Fannie Mae logic bomb would have caused shutdown and more!
A logic bomb allegedly planted by a former engineer at mortgage finance company Fannie Mae last fall would have decimated all 4,000 servers at the company, causing millions of dollars in damage and shutting down Fannie Mae for a least a week, prosecutors say.
Unix engineer Rajendrasinh Babubha Makwana, 35, was indicted in federal court in Maryland on a single count of computer sabotage for allegedly writing and planting the malicious code on Oct. 24, the day he was fired from his job. The malware had been set to detonate at 9:00 a.m. on Jan. 31, but was instead discovered by another engineer five days after it was planted, according to court records.

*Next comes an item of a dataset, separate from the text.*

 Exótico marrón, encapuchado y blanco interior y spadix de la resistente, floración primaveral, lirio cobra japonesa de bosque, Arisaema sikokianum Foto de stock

Makwana, an Indian national, was an employee of technology consulting firm OmniTech, but he worked full time on-site at Fannie Mae’s massive data center in Urbana, Maryland, for three years.

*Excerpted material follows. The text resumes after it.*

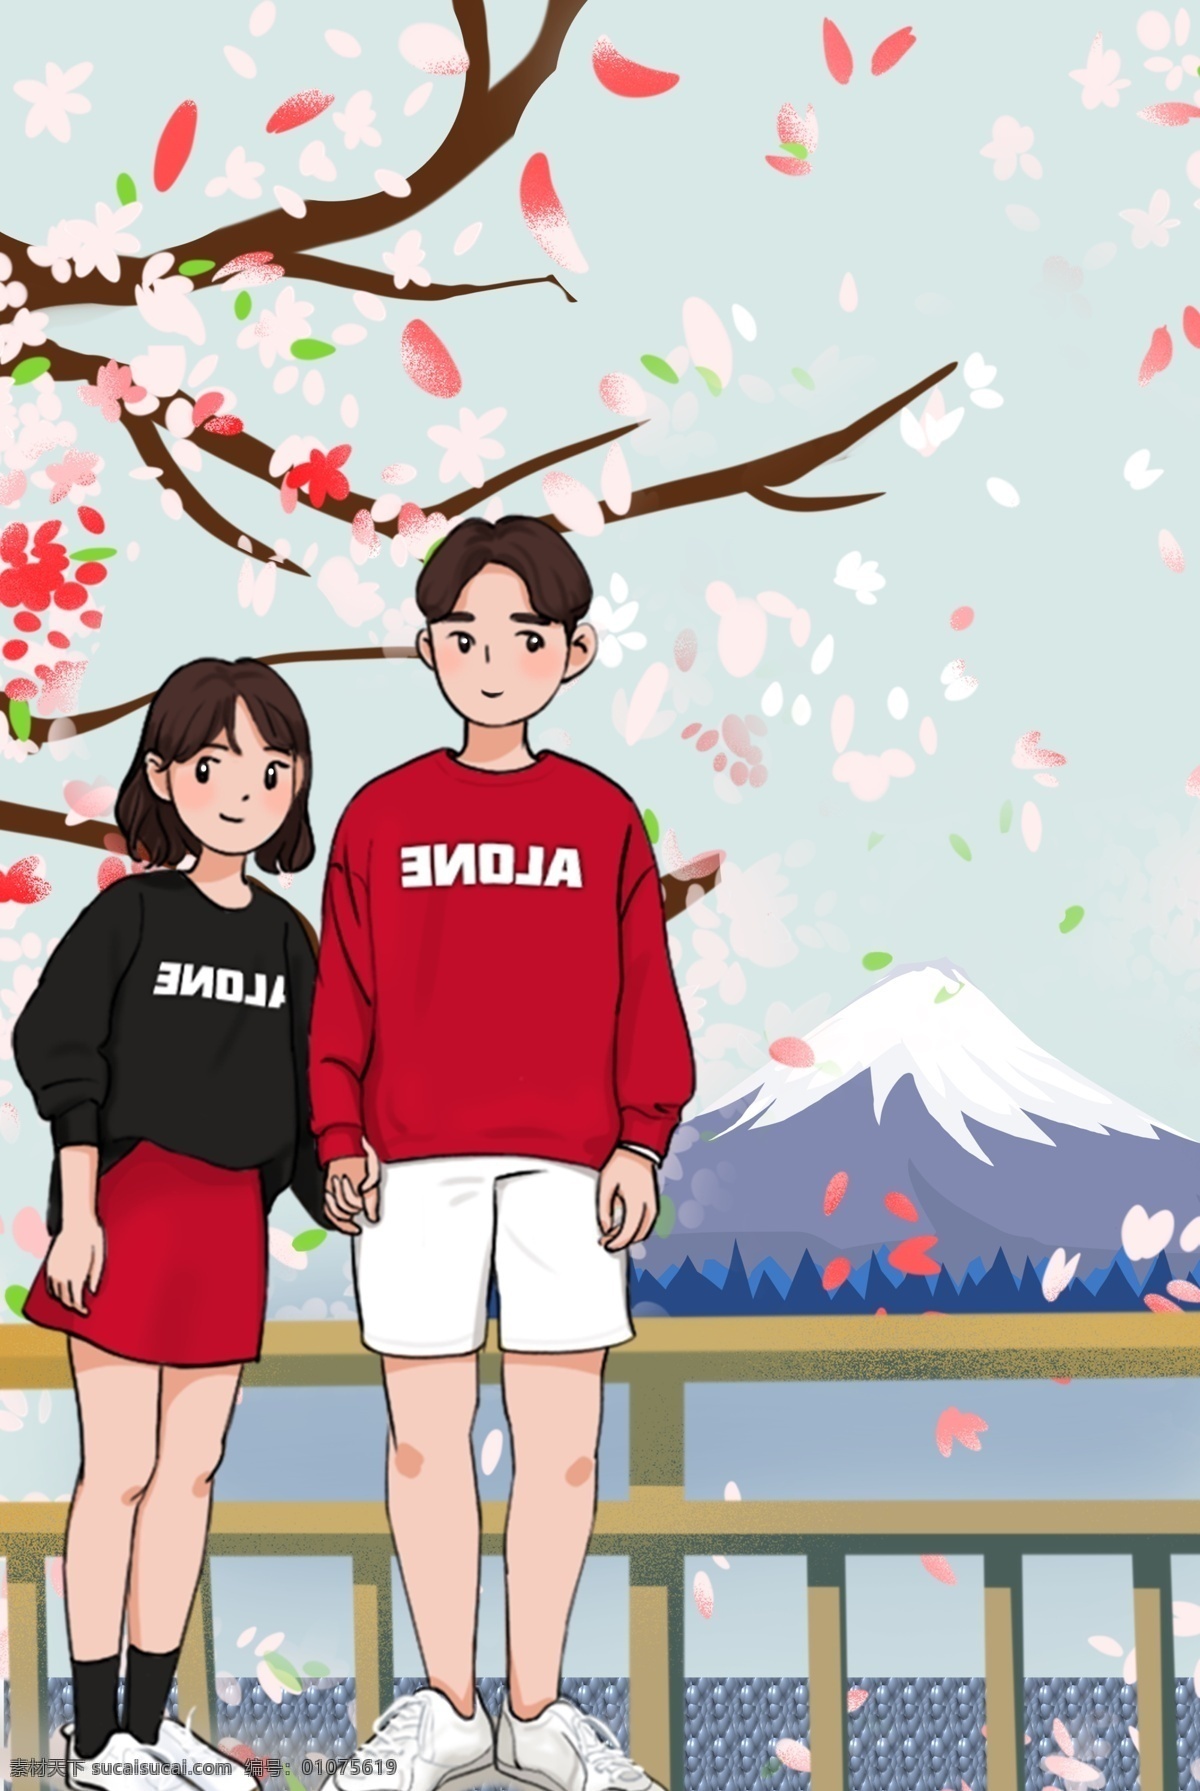 日本 旅行 风景 优美 外国 国家 旅游 出游 樱花 富士山 情侣 旅客 游山玩水 五一 五一长假

On the afternoon of Oct. 24, he was told he was being fired because of a scripting error he’d made earlier in the month, but he was allowed to work through the end of the day, according to an FBI affidavit in the case. “Despite Makwana’s termination, Makwana’s computer access was not immediately terminated,” wrote FBI agent Jessica Nye.

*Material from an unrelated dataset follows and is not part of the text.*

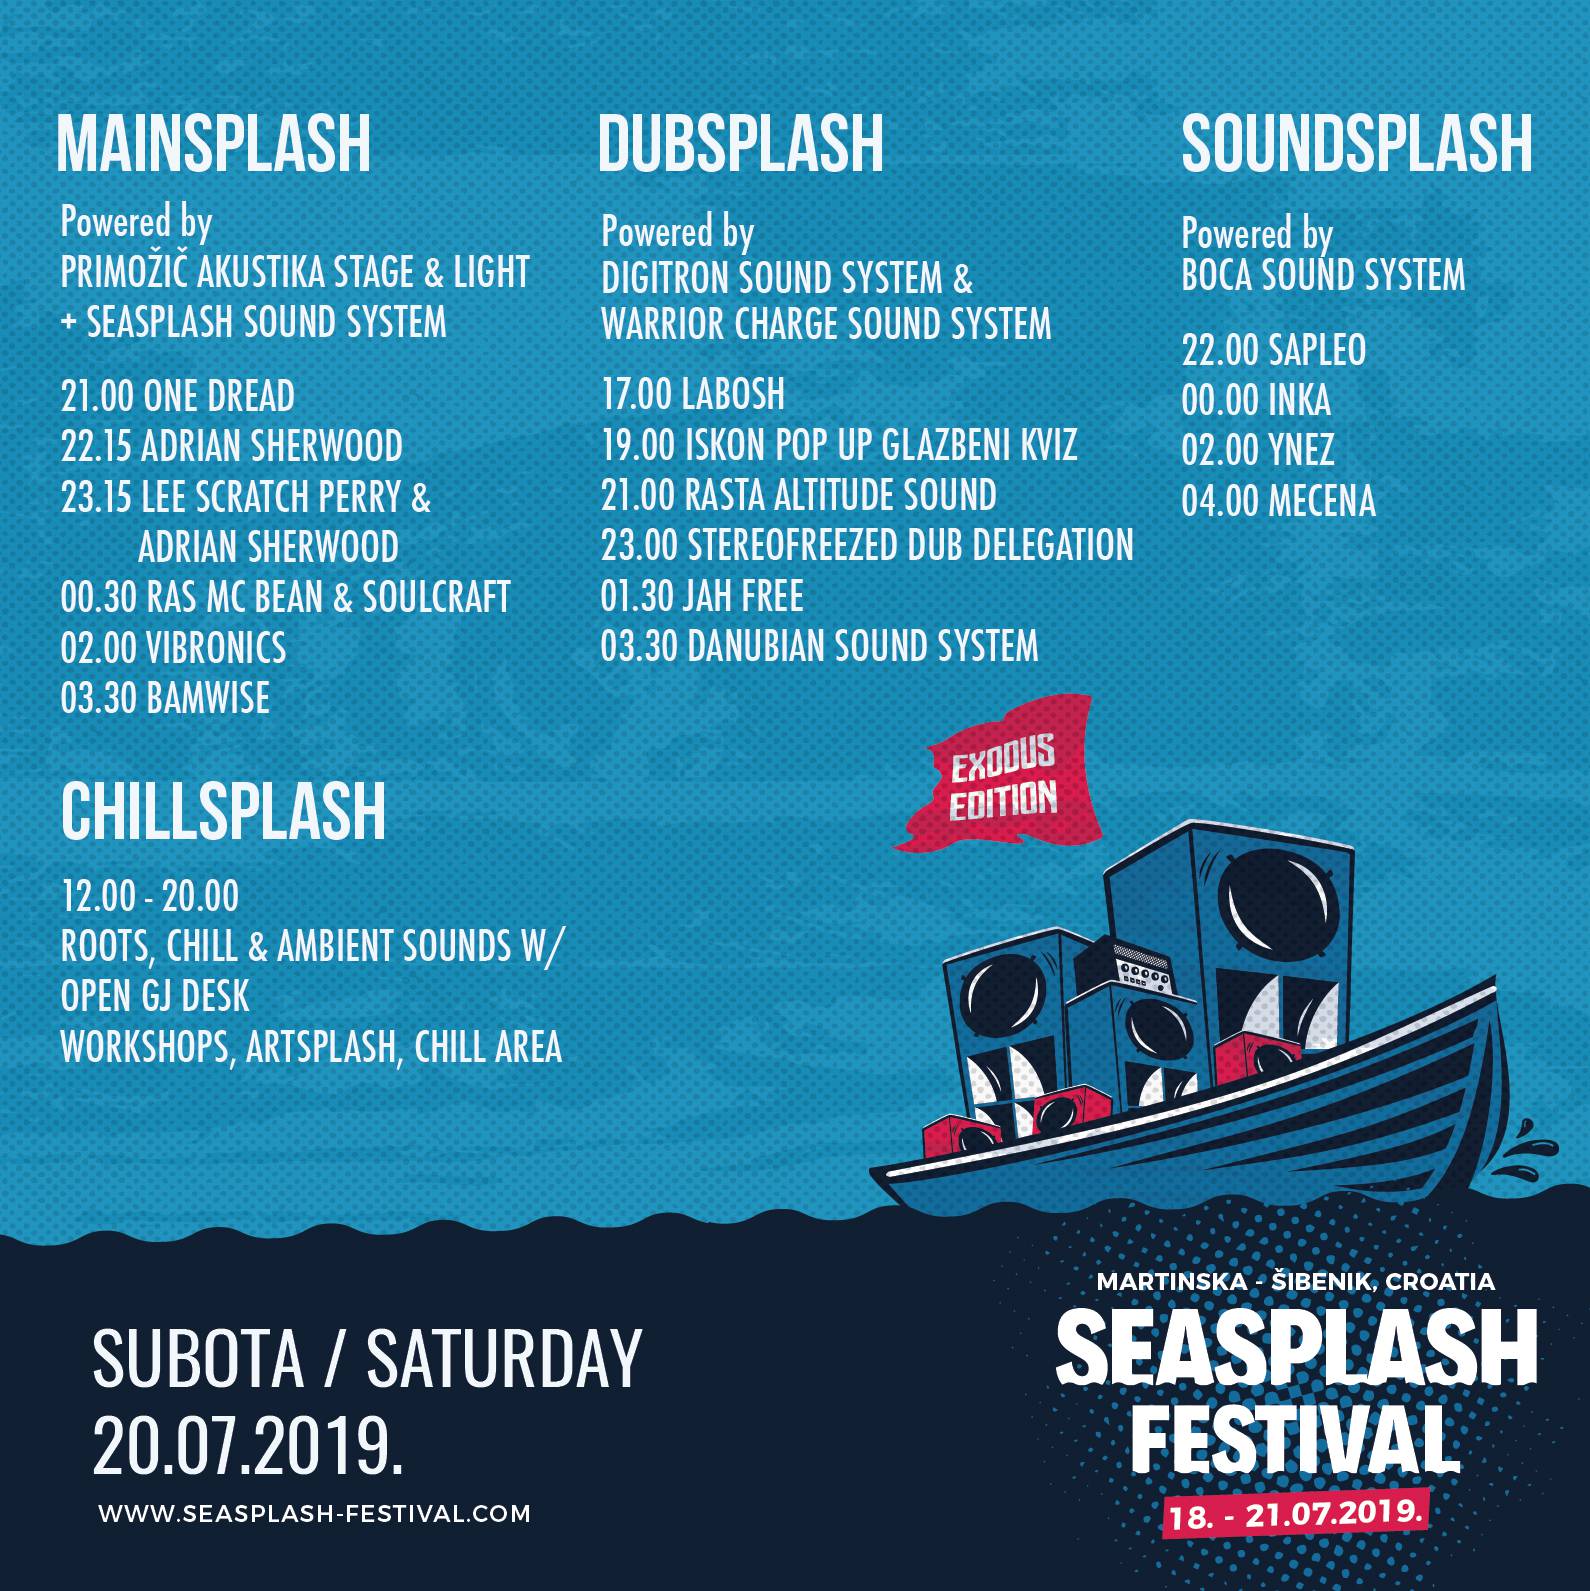 Objavljena satnica 17. Seasplash festivala

Five days later, another Unix engineer at the data center discovered the malicious code hidden inside a legitimate script that ran automatically every morning at 9:00 a.m. Had it not been found, the FBI says the code would have executed a series of other scripts designed to block the company’s monitoring system, disable access to the server on which it was running, then systematically wipe out all 4,000 Fannie Mae servers, overwriting all their data with zeroes.
I understand why IT departments consider it sound management to cut off someone’s privileges just before you fire them.